Solution to LeetCode 518 Coin Change II and LeetCode 377 Combination Sum IV.

LeetCode 518

Coin Change II (Medium) [link]

Define dp[j] as the number of combination with a sum of j. The recurrence relation is dp[j] += dp[j-coins[i]]. The base case dp[0]=1 meaning there is only one combination that can have a sum of 0.

The outer for loop is iterating the values of coins, and the inner for loop is iterating the capacities.

class Solution:
    def change(self, amount: int, coins: List[int]) -> int:
        dp = [0] * (amount+1)
        dp[0] = 1
        for i in range(len(coins)):
            for j in range(coins[i], amount+1): # if the knapsack can take it
                dp[j] += dp[j-coins[i]]
        return dp[amount]

Note that if we want to count the number of combinations, the outer for loop should iterate through the items and inner for loop should iterate through the capacities. Otherwise, if we want to count the number of permutations, the outer for loop should iterate through the capacities and inner for loop should iterate through the items.

LeetCode 377

Combination Sum IV (Medium) [link]

Note that different sequences are counted as different permutations. So the outer loop should iterate through capacities and the inner loop should iterate through items.

class Solution:
    def combinationSum4(self, nums: List[int], target: int) -> int:
        dp = [0] * (target+1)
        dp[0]=1
        for j in range(1, target+1):
            for i in range(len(nums)):
                if nums[i] <= j: # if the knapsack can take it
                    dp[j] += dp[j-nums[i]]
        return dp[target]

Template of 0-x Knapsack Problem

Brief summary of knapsack problems:

• 0-1 knapsack problem:

  • 2-d dp array:
    • Outer for loop is iterating items, inner for loop is iterating capacities of knapsack. They CAN switch the position.
  • 1-d dp array:
    • Outer for loop is iterating items, inner for loop is iterating capacities of knapsack. They CANNOT switch the position.

• 0-x knapsack problem:

  • 1-d dp array or 2-d dp array:

    Outer for loop is iterating items, inner for loop is iterating capacities of knapsack. They CAN switch the position.

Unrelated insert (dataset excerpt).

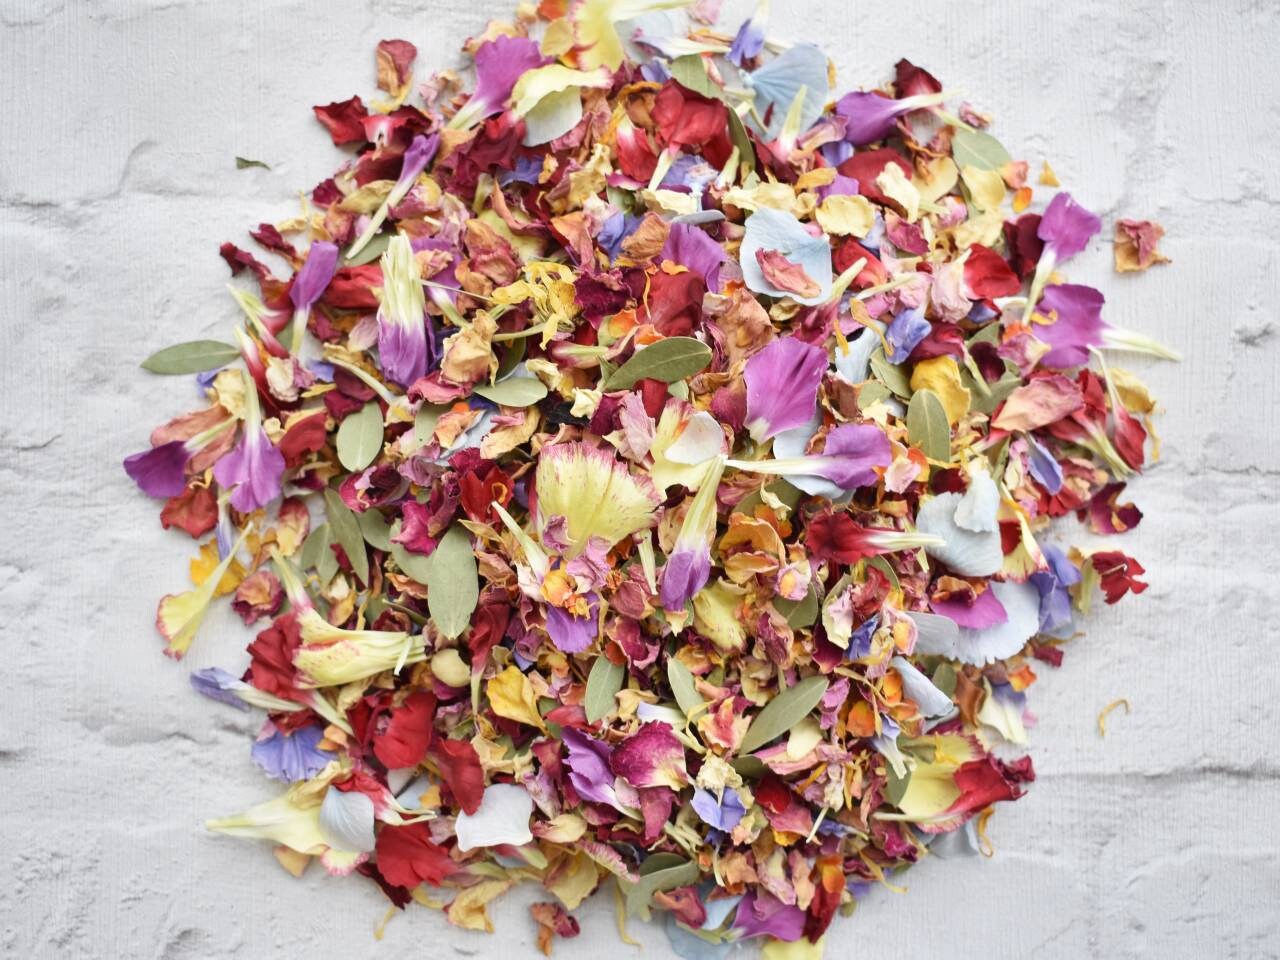 Biodegradable Wedding Confetti Eco-friendly Sustainable Wedding Premium  British Real Dried Flower Petals 1-10 Litres 10-120 Handfuls 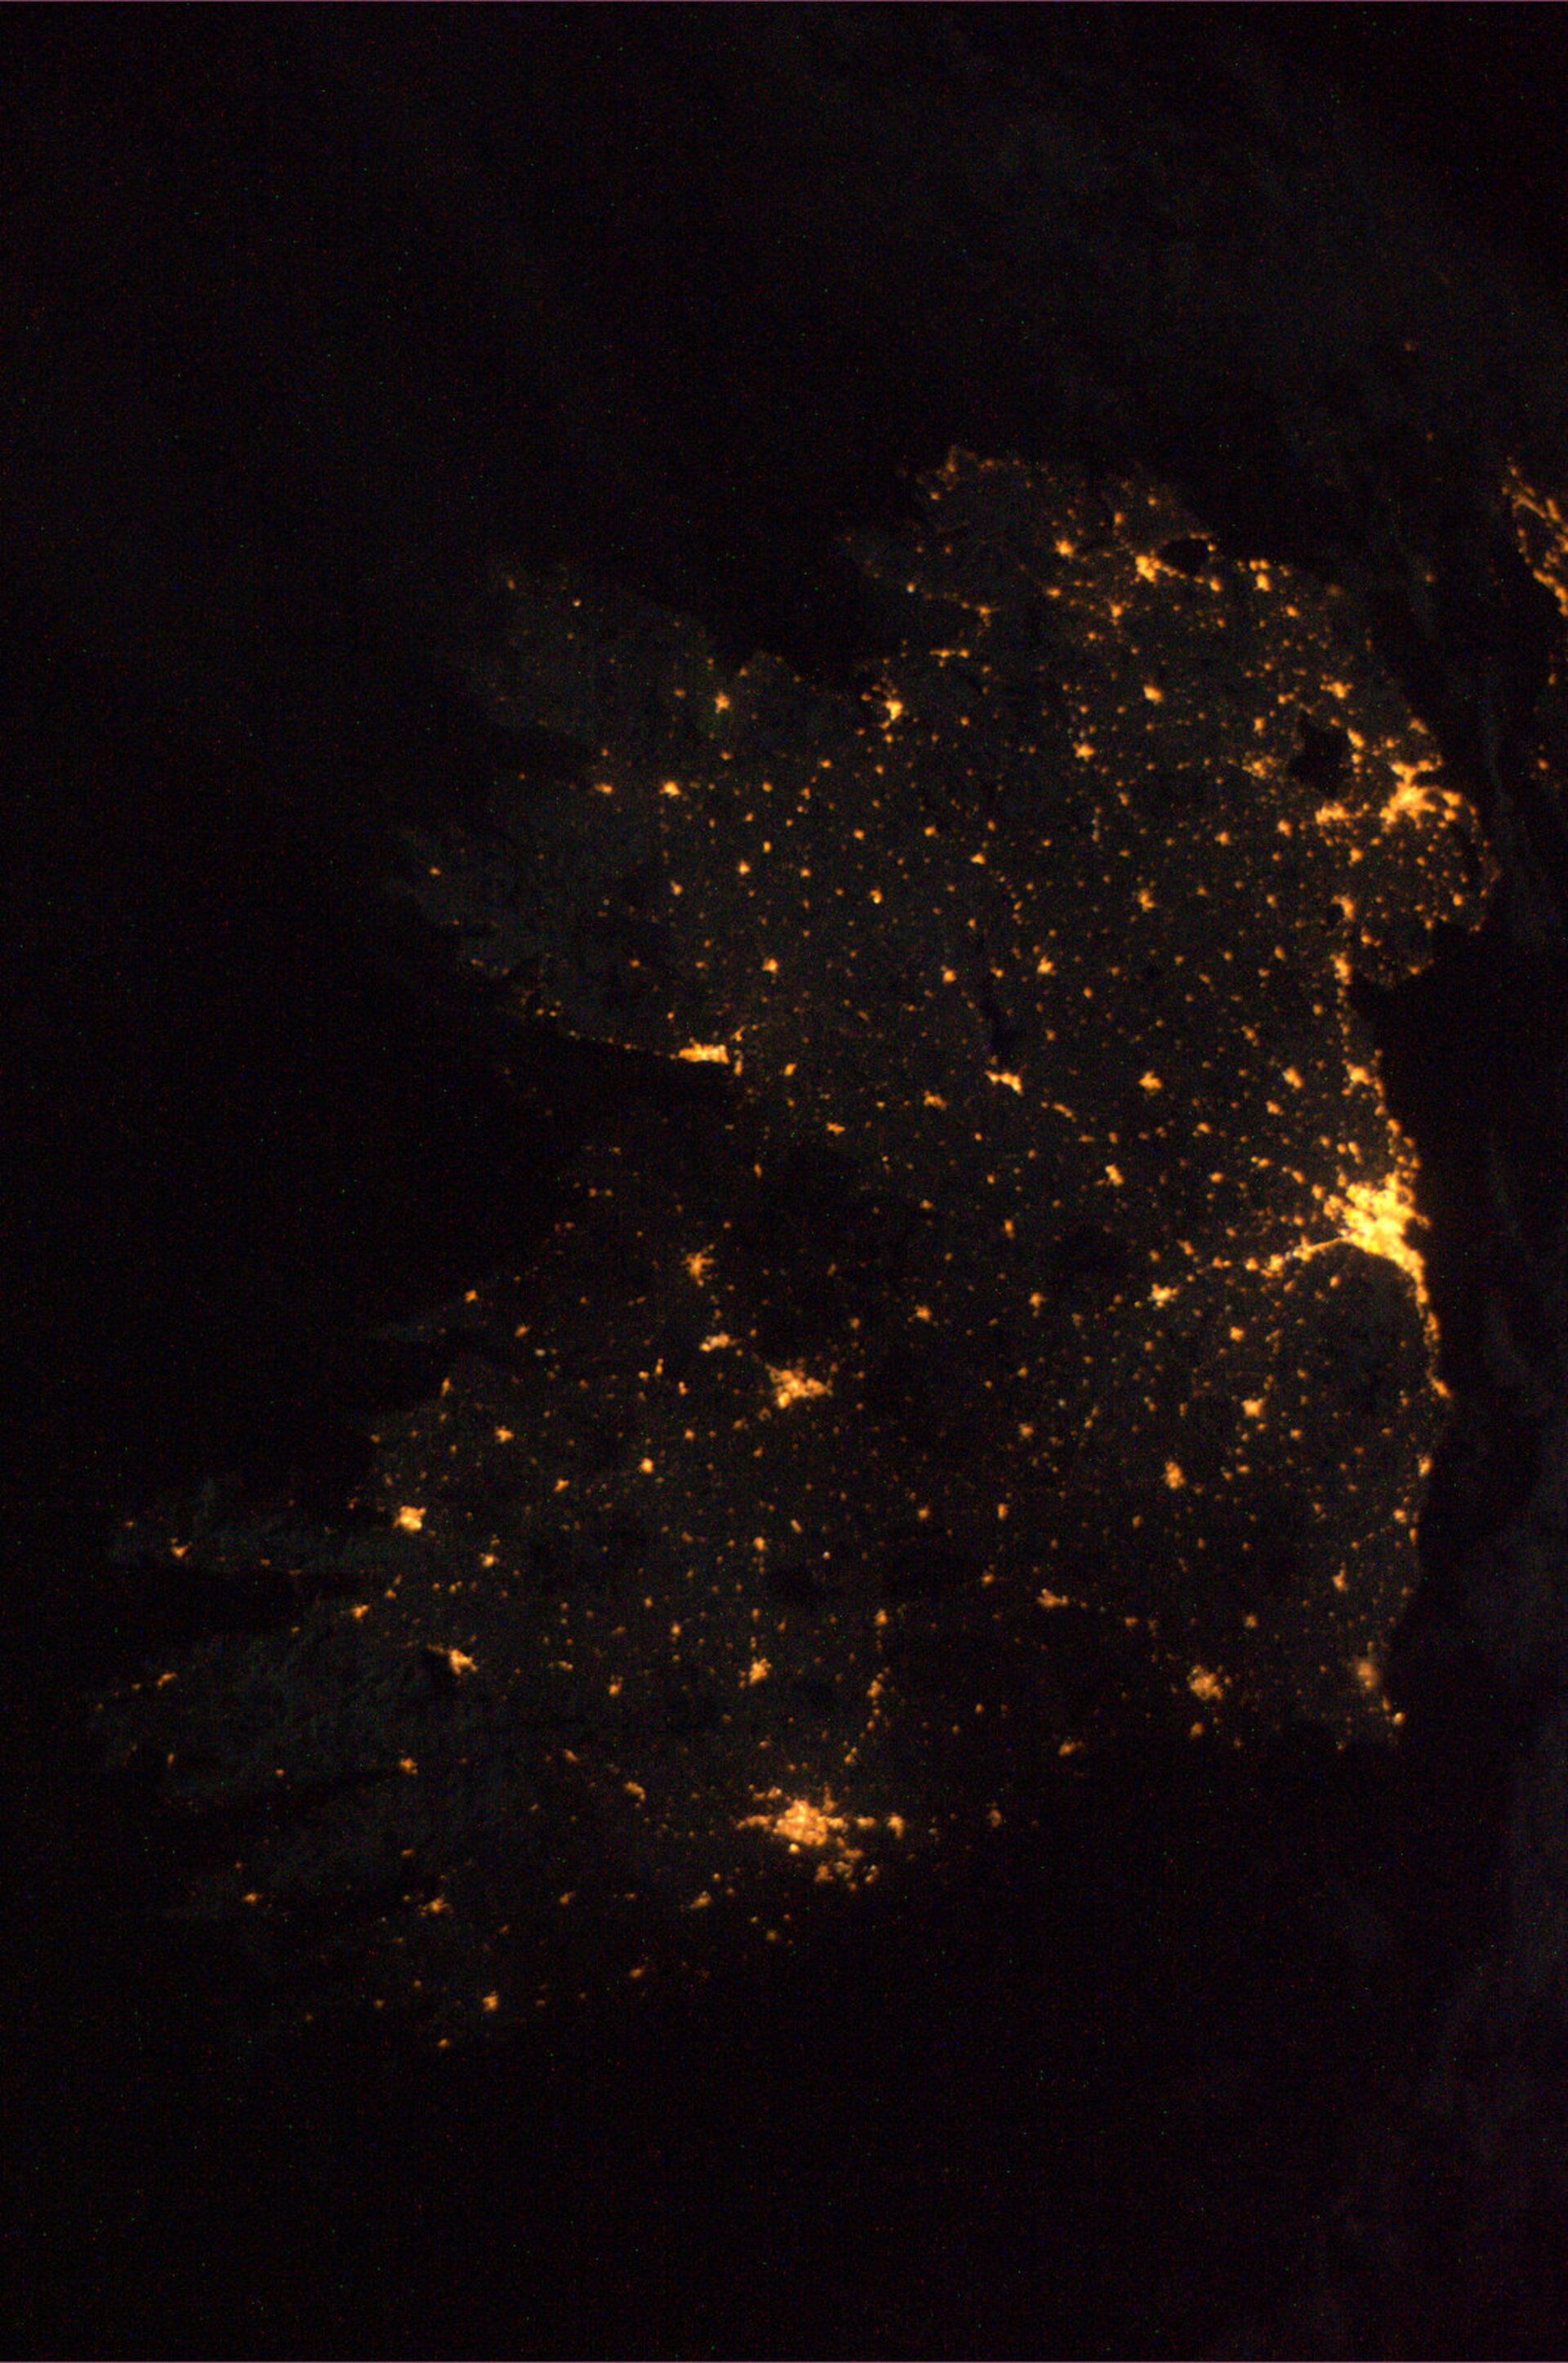 Ireland as seen from ISS

  • Since we can have multiple copies of the same item, the inner for loop should NOT be in the reverse order any more.

O-x Knapsack code template

# loop items before iterating capacities
def test_complete_pack1():
    weight = [1, 3, 4]
    value = [15, 20, 30]
    bag_weight = 4

    dp = [0]*(bag_weight + 1)

    for i in range(len(weight)):
        for j in range(weight[i], bag_weight + 1):
              # recurrence relation
            dp[j] = max(dp[j], dp[j - weight[i]] + value[i])
    
    return dp[bag_weight]

# loop capacities before iterating items
def test_complete_pack2():
    weight = [1, 3, 4]
    value = [15, 20, 30]
    bag_weight = 4

    dp = [0]*(bag_weight + 1)

    for j in range(bag_weight + 1):
        for i in range(len(weight)):
            if j >= weight[i]: 
                  # recurrence relation
                  dp[j] = max(dp[j], dp[j - weight[i]] + value[i])
    
    return dp[bag_weight]